Motivation for ESS as trust-region criteria. See general response.
Robustness to optimization methods. We indeed use Adam (optax implementation) for all experiments and will clarify this in the final version of the manuscript. Based on your suggestion, we conducted additional experiments for the Gaussian target densities to demonstrate that VISA can be used with SGD, Adam, and RMSProp for appropriately selected stepsizes. Our evaluations shows that plain SGD (without momentum or Nesterov acceleration) might run into local optima more easily as Adam and RMSProp for small step sizes, while RMSProp might not be as robust to larger step sizes as Adam. Overall, the experiment suggests that Adam is a good standard choice for VISA. We have included the corresponding convergence plots in the PDF file attached to the general rebuttal and will add a polished version to the final manuscript.
Adaptive ESS threshold. While we did not test adaptive strategie, we experimented with using a schedule for the ess threshold. However, we did not find consistent improvement over using a fixed threshold and hence opted for the simplest possible presentation of the algorithm. That being said, we expect that problem specific scheduling and adaptation strategies are able to outperform fixed ess threshold. However, determining a performant schedule or adaption hyperparameters might require running inference multiple times, which contributes to the overall number of evaluations and complicates a fair comparison.

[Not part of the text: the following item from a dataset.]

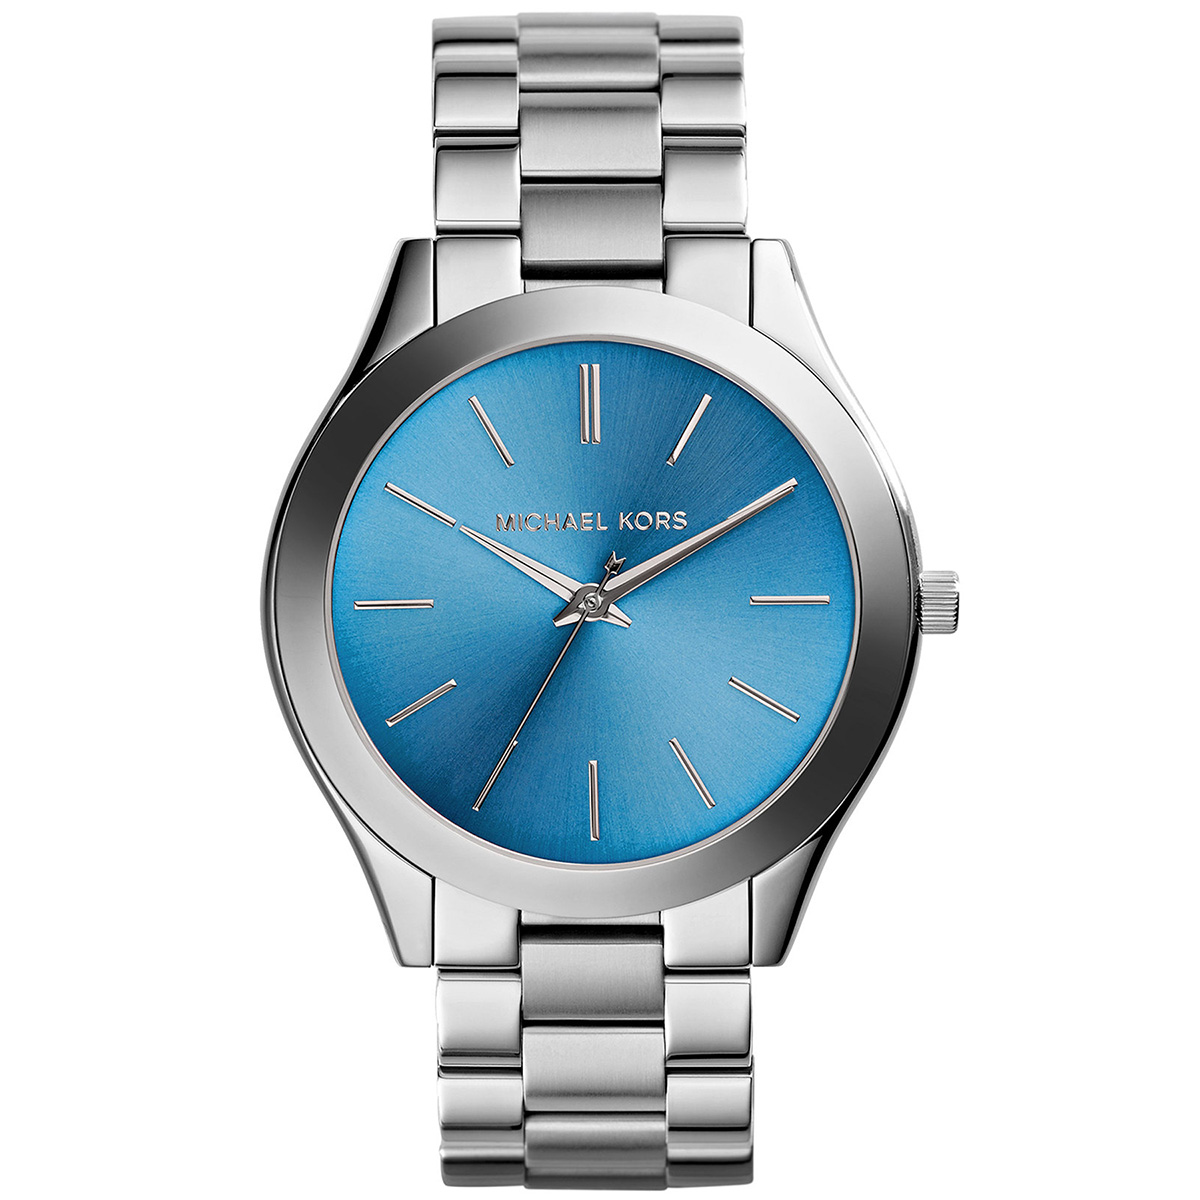 Damenuhren michael kors blau  Michael Kors Uhr MK3292 Runway Damenuhr Silber Blau Edelstahl Slim ...
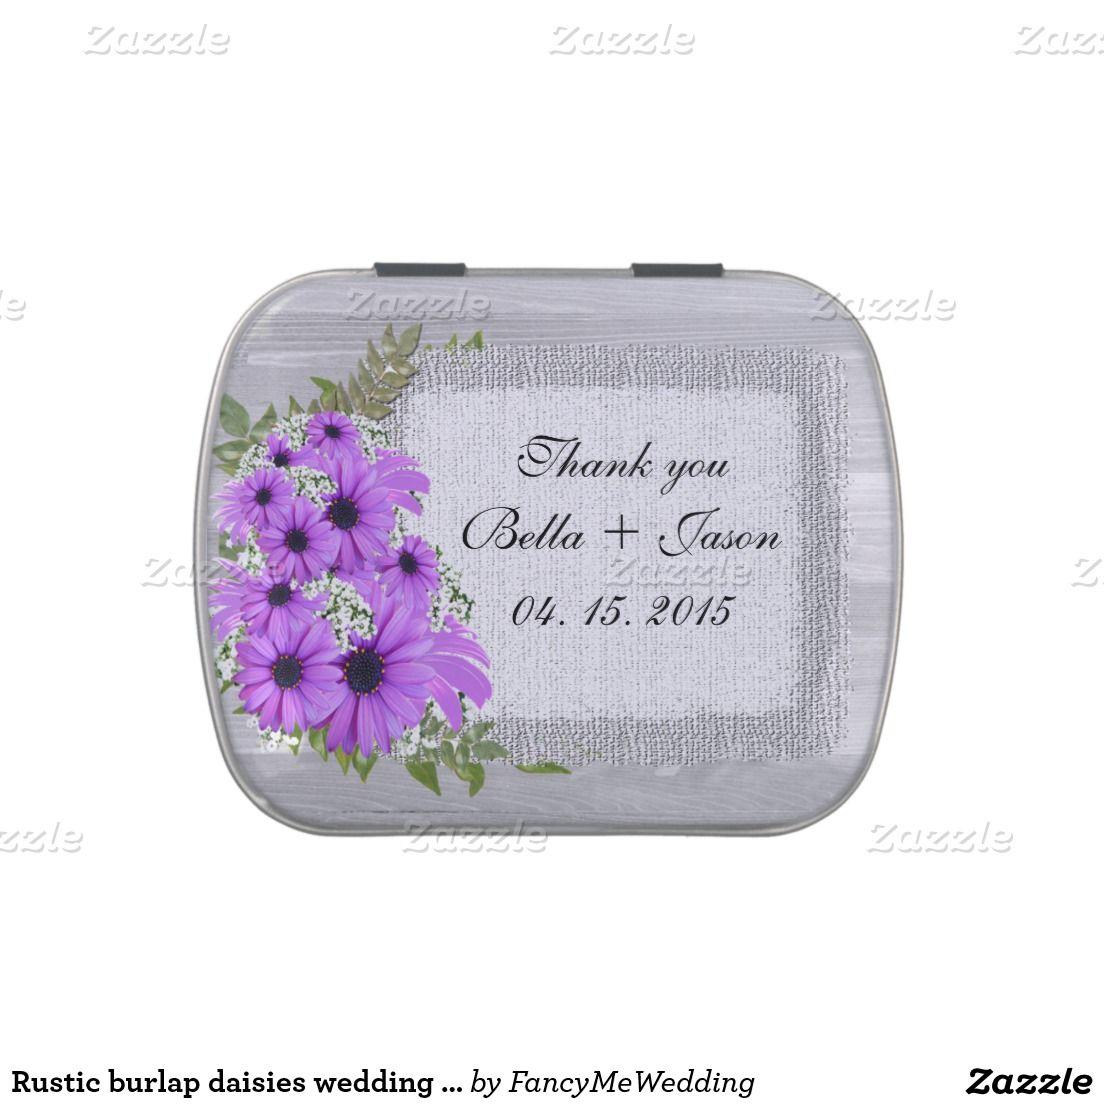 Rustic burlap daisies wedding favors daisy4 candy tin   Bridal ...

Typo in Figure 3. There was indeed a typo, thanks for pointing it out! The caption should read: "For smaller step sizes (0.001, 0.005) VISA achieves comparable forward KL-divergence to IWFVI while requiring significantly less model evaluations to converge (see vertical lines). For larger step sizes (0.01) VISA only converges with a high ess threshold (0.99) and requires more evaluations than IWFVI and VISA with a smaller step size (0.005)."
Thank you for your response, which clarified my concerns. I will maintain my current score.
The paper proposes to use a sample-average approximation for variational inference. In contrast to previous works, the method uses the forward-KL which does not require differentiability of the joint likelihood. In order to sample from an approximate posterior instead of the exact posterior, a sequential trust-region approach is introduced. The method is evaluated on small-scale problems and some benefits of the forward-KL SAA approach compared to BBVI or reverse-KL SAA are demonstrated.
优点
- The derivatinos and mathematical formulation are clear, the paper is easy to read.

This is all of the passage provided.